Green firm #2

Eco factors part of Body Shop's makeup

Companies tend to think sustainability will force them to compromise on profits, but beauty chain The Body Shop finds that it can win and retain customers precisely because environmental awareness is embedded in its business.

Its sustainable ethos helps keep it relevant in a retail environment where customers flock to online sources and brand-hop.

Ms Yang Kean Hye, The Body Shop's general manager for the Asia-Pacific and Singapore, told The Straits Times in an exclusive interview: "We achieve sustainable business growth and our customers are also loyal because of this value that we have.

"If it were just about products, they could always buy them from any other brand. But for us, each product tells a sustainable story."

One of the retailer's recent moves in Singapore was to introduce in-store recycling boxes for customers to drop off The Body Shop's clean and dry plastic bottles and tubs.

The Body Shop members are rewarded with a digital stamp for every clean and dry bottle or tub returned. They can redeem a trial-sized product such as a mini tube of hand cream when they have collected five such stamps.

The brand's recycling partner Sembcorp collects the bottles and tubs and sends them to the material recovery facility.

Ms Yang said: "We worried a lot initially about customer behaviour, because we know they can be very busy and perhaps not wash the bottles properly.

"But people washed the bottles, and store teams could explain to them why we were doing this. That whole process is important to raise awareness and it helps us to have a positive impact on society."

 

She added that staff are there not just to sell products, but to teach customers about sustainable living, which is a task that will become even more important with a new concept store the company plans to launch here early next year.

The Body Shop, whose headquarters is in Britain, has been in Singapore since 1983 and has 38 outlets.

Ms Yang said: "The concept store will have an environment that is focused on customer engagement. There will be a big sink in the centre with key ingredients in the middle used by The Body Shop. Customers can experiment and play around with the ingredients, perhaps even make their own products. It will give them a reason to physically visit the store."

There will also be a refill section so customers can take their clean and dry empty bottles to the store and fill them up. "This encourages reusing and being sustainable as well," Ms Yang said.

"The stores can even be like schools that raise awareness of activism campaigns."

She added that discussions on sustainability issues can occupy as much as 40 per cent of the time during staff meetings.

Another plan is to launch its own online store where customers can buy products as well as engage with sustainability messages.

The Body Shop has an online presence on Lazada and Ms Yang noted that online sales have done well, but added that it is working on its own online store "so we can provide the same experience online as in physical stores".

"This means people can get more information on our campaigns and activism rather than just buying products. For instance, people can learn about our anti-animal testing ethos and add their comments."

She said the company hopes to launch the website in 2021.

Meanwhile, it continues to push social causes. It is supporting the Singapore Children's Society in a scheme under which 10 cents from every transaction made in stores this holiday season will go towards helping four youth centres. The business aims to donate $20,000.

For next year, the theme is the empowerment of women in society.

Ms Yang said: "Cosmetic brands typically focus on anti-ageing products, such as making wrinkles disappear. But for us, it is about pro-ageing, where every woman is confident and embraces ageing beautifully and with purpose.

"This Christmas, we are also supporting girls in showing them they can be whatever they want."

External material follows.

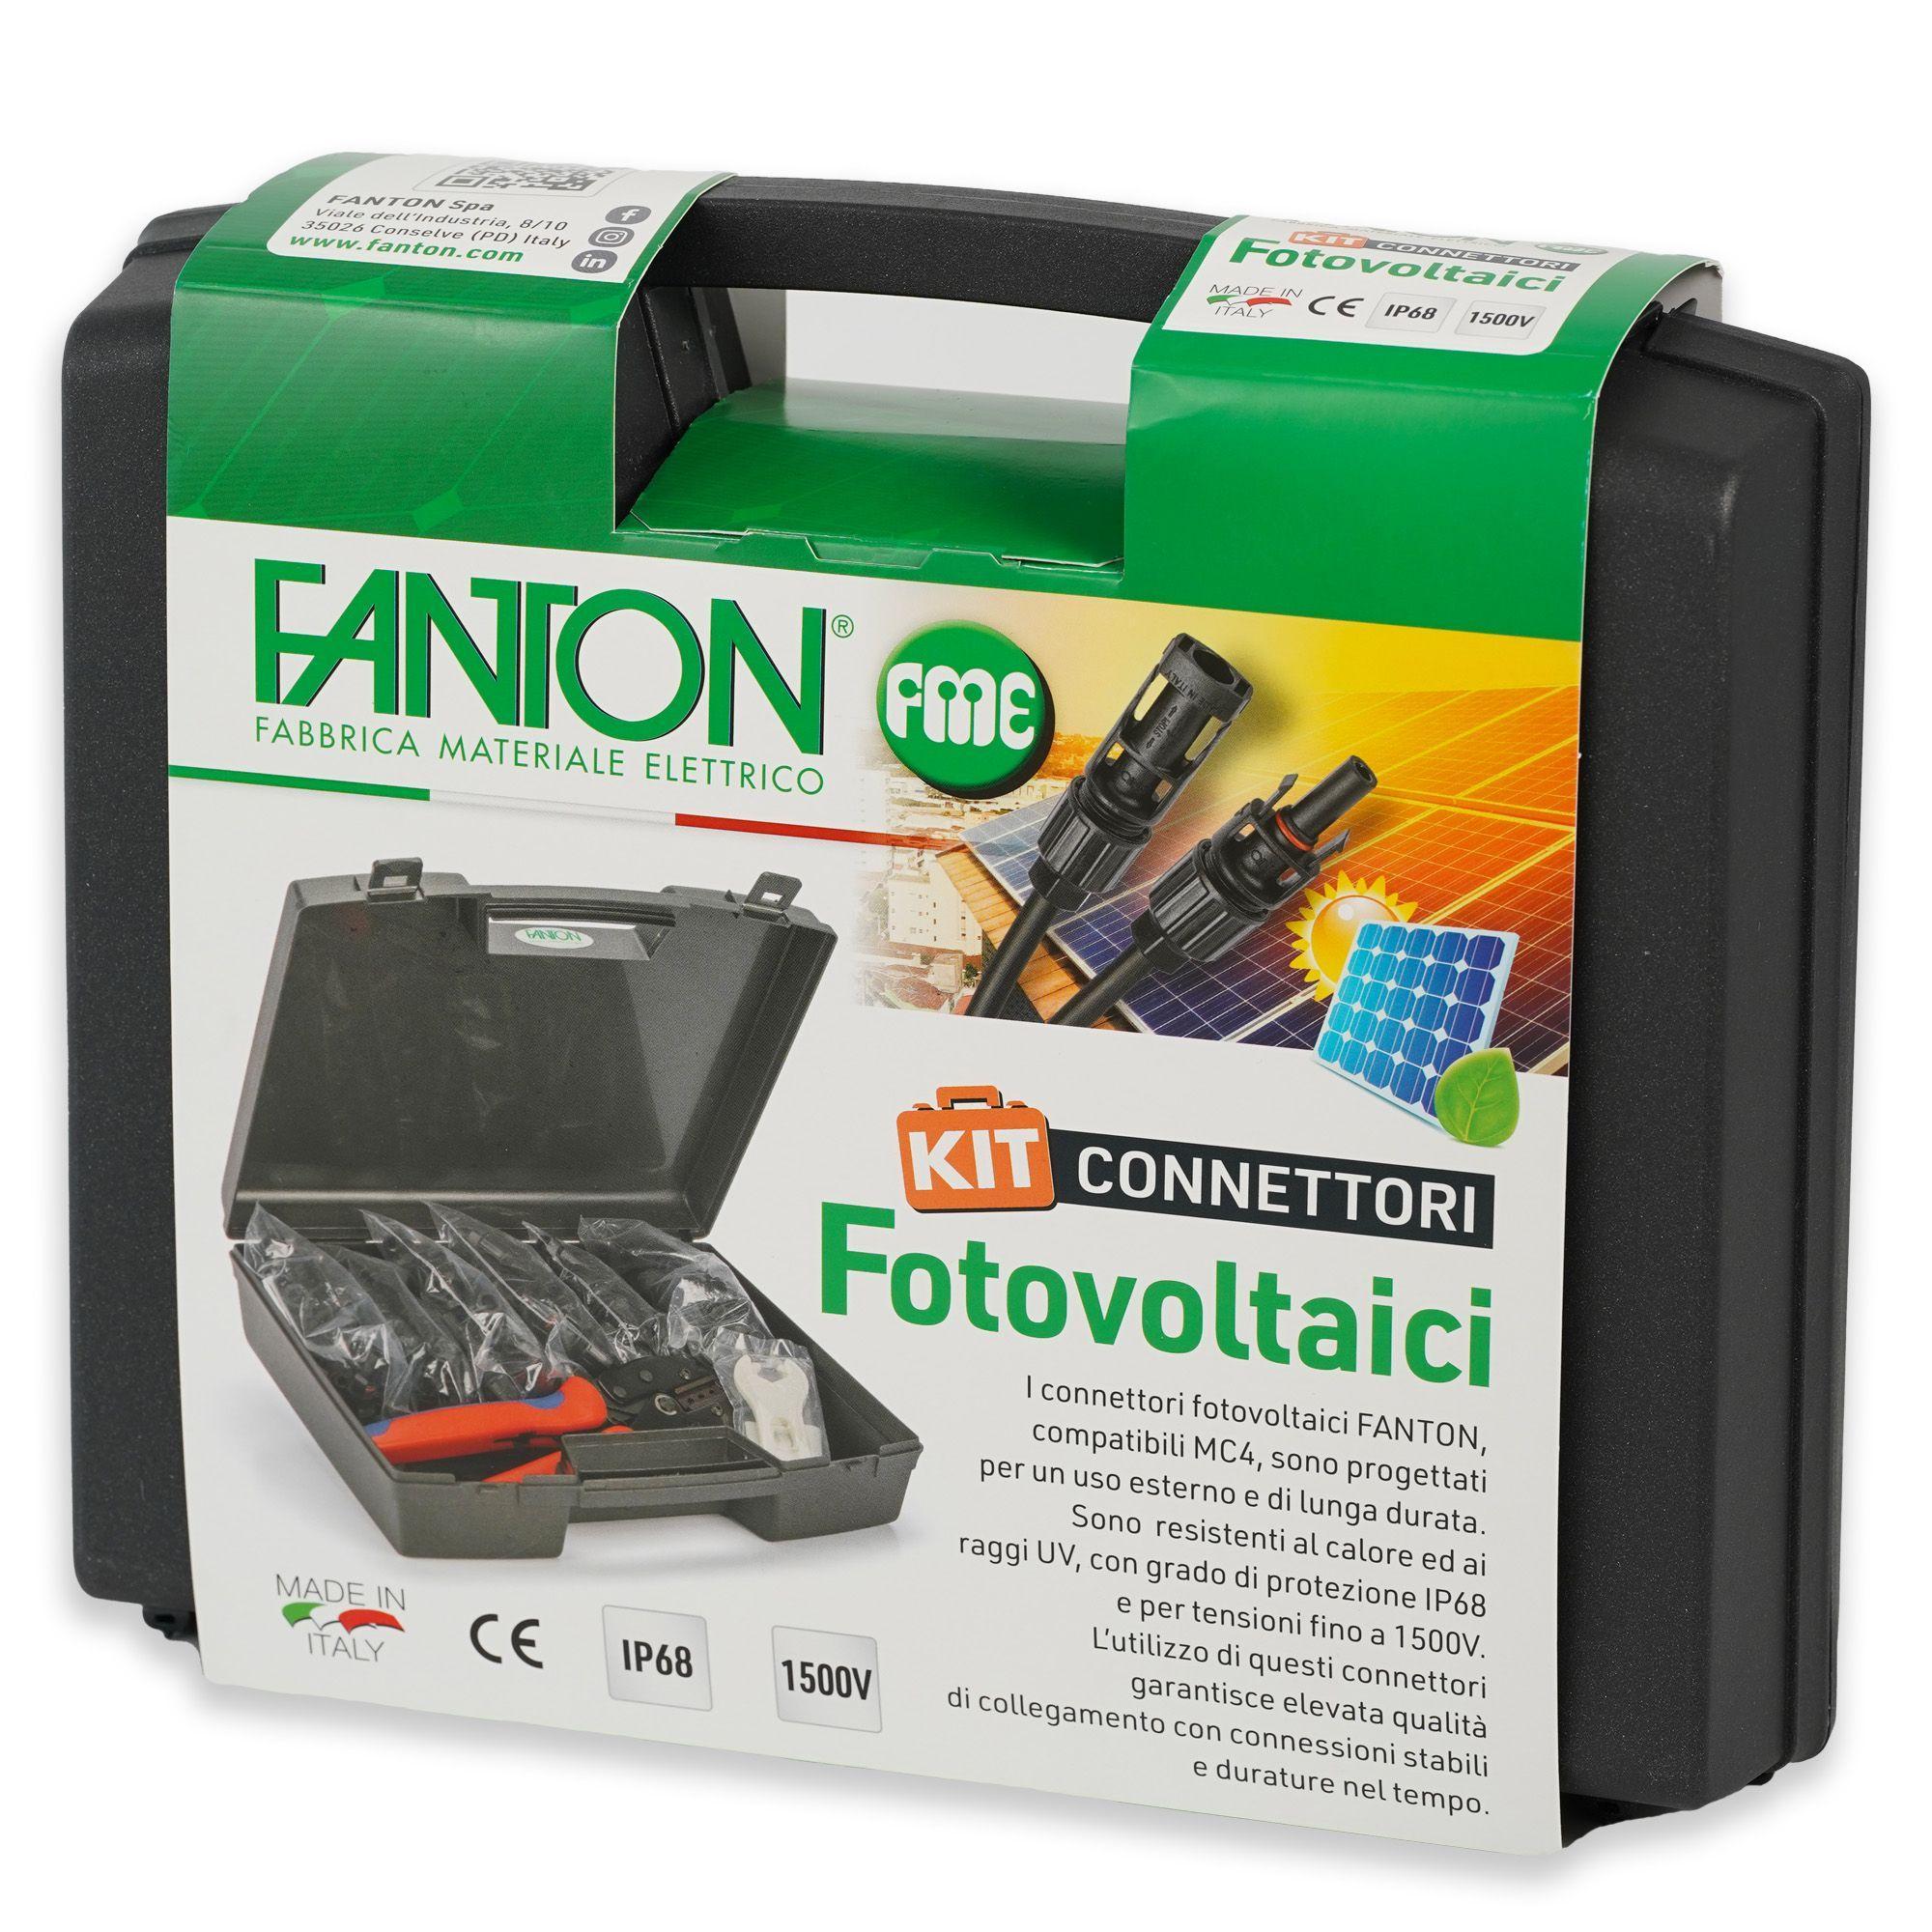 fanton s.p.a. fanton spa kit connettori fotovoltaici fm4 30maschi+30femmine + pinza + coppia chiavi valigetta kit fotovoltaico a99999

Its rocket-shaped gift box, for instance, displays a Miss Santa and astronaut motifs featuring girls.

The Body Shop has also worked to support women who are waste pickers in India this year through its community trade partners, who help the company collect recyclable plastic for the production of its bottles. The intention is to give the women a better working environment with predictable income.

Worldwide, the company aims to buy 250 tonnes of recyclable plastic from its community trade partners in India by the end of this year, which is the equivalent of three million bottles. It has suppliers in over 20 countries that ensure ingredients are sourced sustainably while benefiting local communities.

These efforts in sustainability and fair trade helped The Body Shop earn the B Corp certification in September.

It is issued by global non-profit organisation B Lab to recognise companies that meet the highest standards of verified social and environmental performance, public transparency and legal accountability to balance profit and purpose.

Ms Yang said: "For The Body Shop to get the certification, it shows that it was not just a one-off effort but a whole journey to get there. The bottom line of planet, people and profit informs every business decision and action. It has to be embedded in our DNA."